- Born: Mona Nabil Mohamed Demaidi منى نبيل محمد ضميدي December 14, 1988 (age 37) Nablus, West Bank
- Education: An-Najah National University University of Manchester
- Occupations: Vice President of Artificial Intelligence and Director of International Relations at Arab American University
- Website: https://monademaidi.live/

= Mona Demaidi =

Palestinian entrepreneur and women's rights advocate

Mona Nabil Demaidi (منى نبيل ضميدي) is an entrepreneur and women's rights advocate. She was born on December 14, 1988, in Nablus, Palestine. She obtained her PhD in Advanced Software Engineering and Machine Learning and MSc with distinction in Software Engineering and Data Management from the University of Manchester, UK. Demaidi joined An-Najah National University in 2016, becoming the youngest female with a PhD certificate at the Faculty of Engineering and Information Technology in Palestine. In 2014, she became a board member of Women in Engineering and Arab Women in Computing. In september 2024, Dr Demaidi became the dean for the Faculty of Digital Sciences and Director of International Relations at Arab American University between September 1, 2024 – August 1, 2025. Starting from August 2025 she became the vice president of Artificial Intelligence and Director of International Relations at Arab American University.

==Biography==

In 1993, Demaidi moved with her family to Dundee, UK, and went to primary school at Hawkhill School and Park Place School.
She finished high school in Palestine.
Mona Demaidi gained her Bachelor of Science (BSc) degree in Computer Engineering at An-Najah National University located in Nablus, Palestine. After getting her Master of Science degree in Advanced Software Engineering and Data Management in 2010/11 at the University of Manchester, she obtained her PhD in Artificial Intelligence.

==Experience==
Mona Demaidi is the founder of STEMpire which is powered by PALMEC International. STEMpire empower future innovators through STEM education, bootcamps, and hackathons. In addition, Dr Mona is the chairwoman and advisory board member of Intersect Innovation Hub which is powered by Bank of Palestine. Also, Demaidi plays an important role in the IEEE Palestine Subsection as chairwoman, Student Branch Counselor and a previous judge at the end of 2019. In addition to that, she was or currently is a judge in several foundations including the Hult Prize Foundation, flow accelerator and Code Your Future. Mona is also a co-founder for VTech Road and a Co-managing director for Girls in Tech, Inc. Demaidi is the Chairwoman of the Institute of Electrical and Electronics Engineers in Palestine and was the first woman to be granted an award from the Institute of Electrical and Electronics Engineers (senior membership). She also became the co-managing director for Girls in Tech in Palestine. Demaidi is also a researcher as she has issued six journal papers and a book Terminological Ontology Evaluator in eLearning on constructing online learning platforms using machine learning. Mona Demaidi developed the National Artificial Intelligence Strategy for Palestine in 2022.

==Recognition==
Dr. Mona Nabil Demaidi has been recognized for her leadership in artificial intelligence, ethics, and women's empowerment, both in Palestine and globally.
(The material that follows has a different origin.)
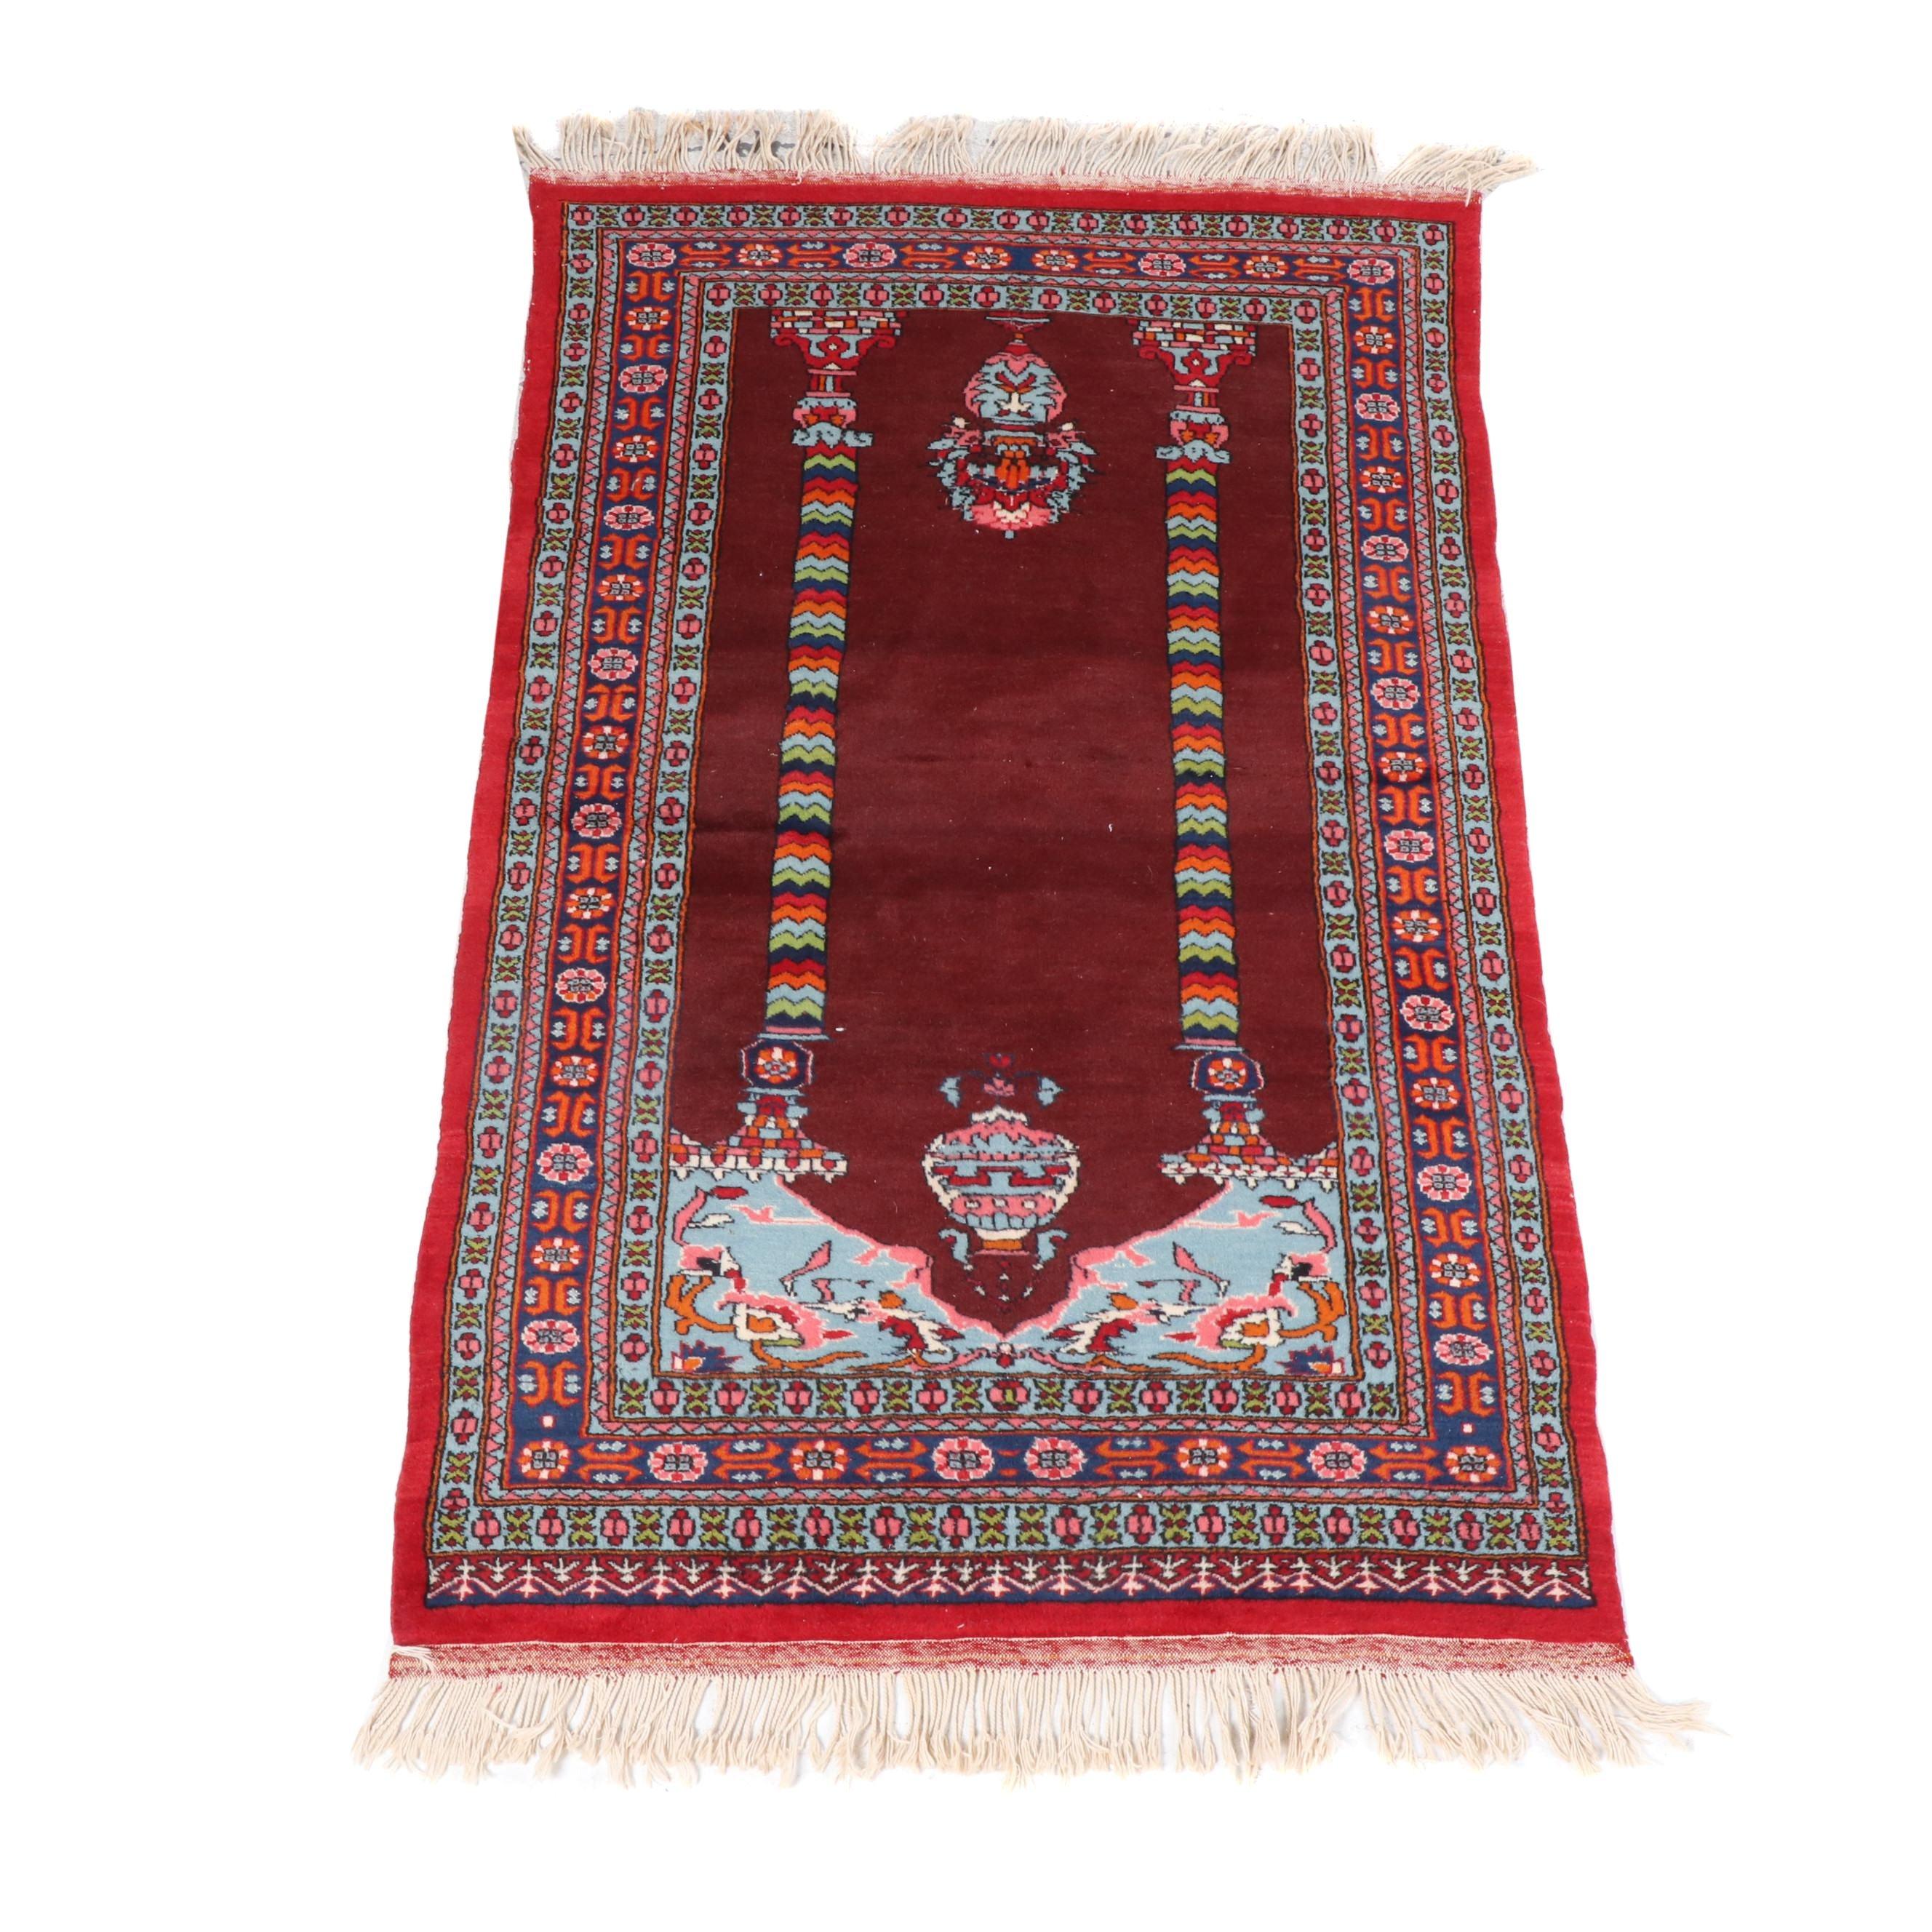 Hand-Knotted Turkish Wool Prayer Rug

She is the lead author of the Palestinian Artificial Intelligence National Strategy, officially approved by the Cabinet of Ministers in June 2023, and the author of UNESCO's AI and Ethics Policy Report for Palestine. She is currently leading the AI in Higher Education Policy for Palestine (2025–2027), a groundbreaking initiative that integrates responsible and inclusive AI adoption across universities and academic institutions, shaping the future of AI-driven education in the country.

For her pioneering impact, Dr. Demaidi was named among the 100 Women of Davos (2025) and the 100 Brilliant Women in AI & Ethics (2025) for her global contributions to ethical and inclusive AI. In 2024, she was selected as a member of UNESCO's Women for Ethical AI and joined Izdihar: The Regional Alliance of Women Experts, a CIPE-supported network uniting over 40 distinguished women leaders from across the Middle East and North Africa.
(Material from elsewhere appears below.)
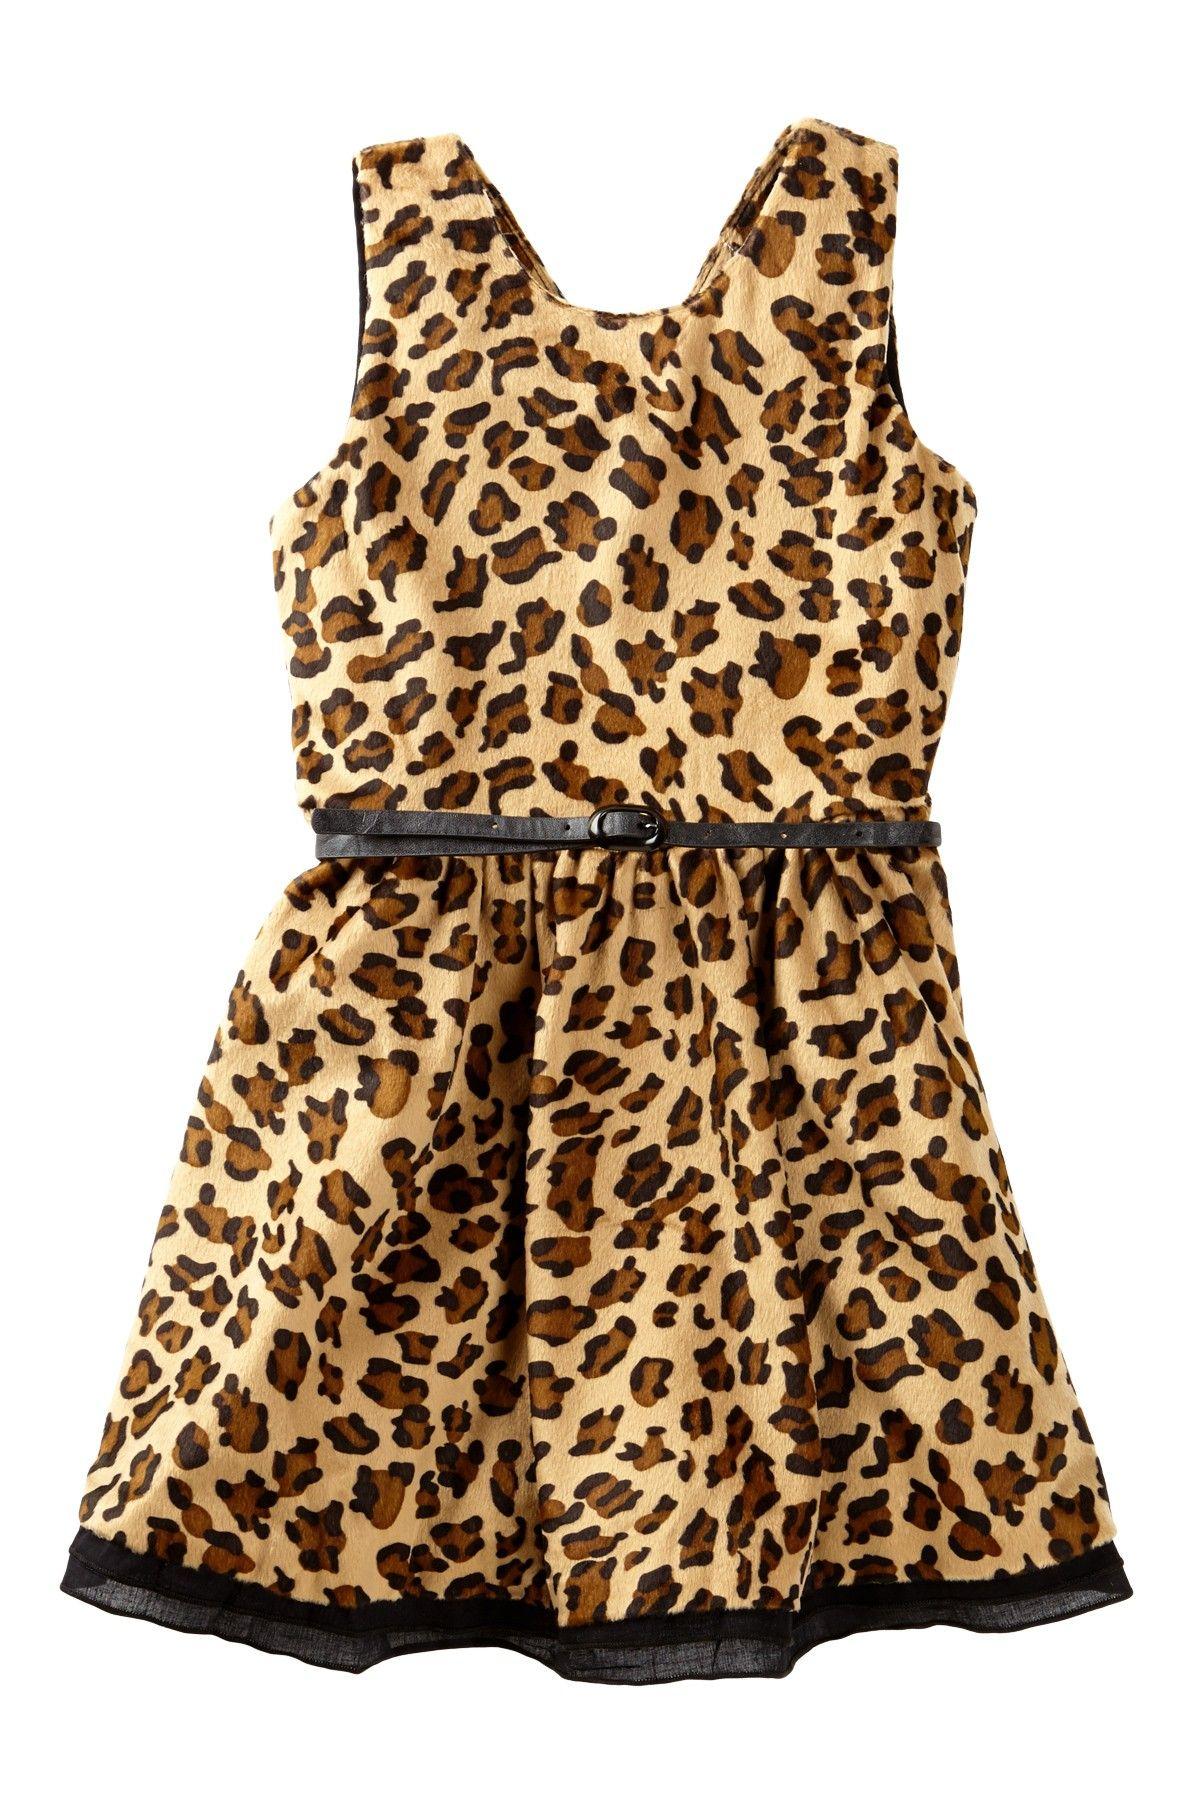 Leopard Print Dress (Toddler   Little Girls) by Paulinie on  HauteLook 8de72a67d

In 2023, she was honored as the Most Influential Woman in Palestine by the Ministry of Women’s Affairs and Qarib Association, and received the Best IEEE Entrepreneurial Activity Award for the Middle East, Europe, and Africa region. In 2022, the Asfari Institute for Civil Society and Citizenship and UNESCO recognized her among the five most inspiring women in the MENA region.

Dr. Demaidi made history as the first woman in technology from Palestine to be featured on Wikipedia and the first Palestinian woman to achieve IEEE Senior Member status (2020). That same year, she received the Most Impactful Idea Award from Stanford University’s Idea-to-Market Global Innovation Catalyst Program for her startup Guardian-A, reflecting her ability to merge AI innovation with social impact.

Her research and innovation excellence have been celebrated through multiple honors, including the Zuhair Hijjawi Research Award (2017) and the Audience Award at the NYU Abu Dhabi International Hackathon for Social Good (2015). She has also secured numerous research grants and excellence awards for advancing AI in education, sustainability, and gender equality across developing contexts.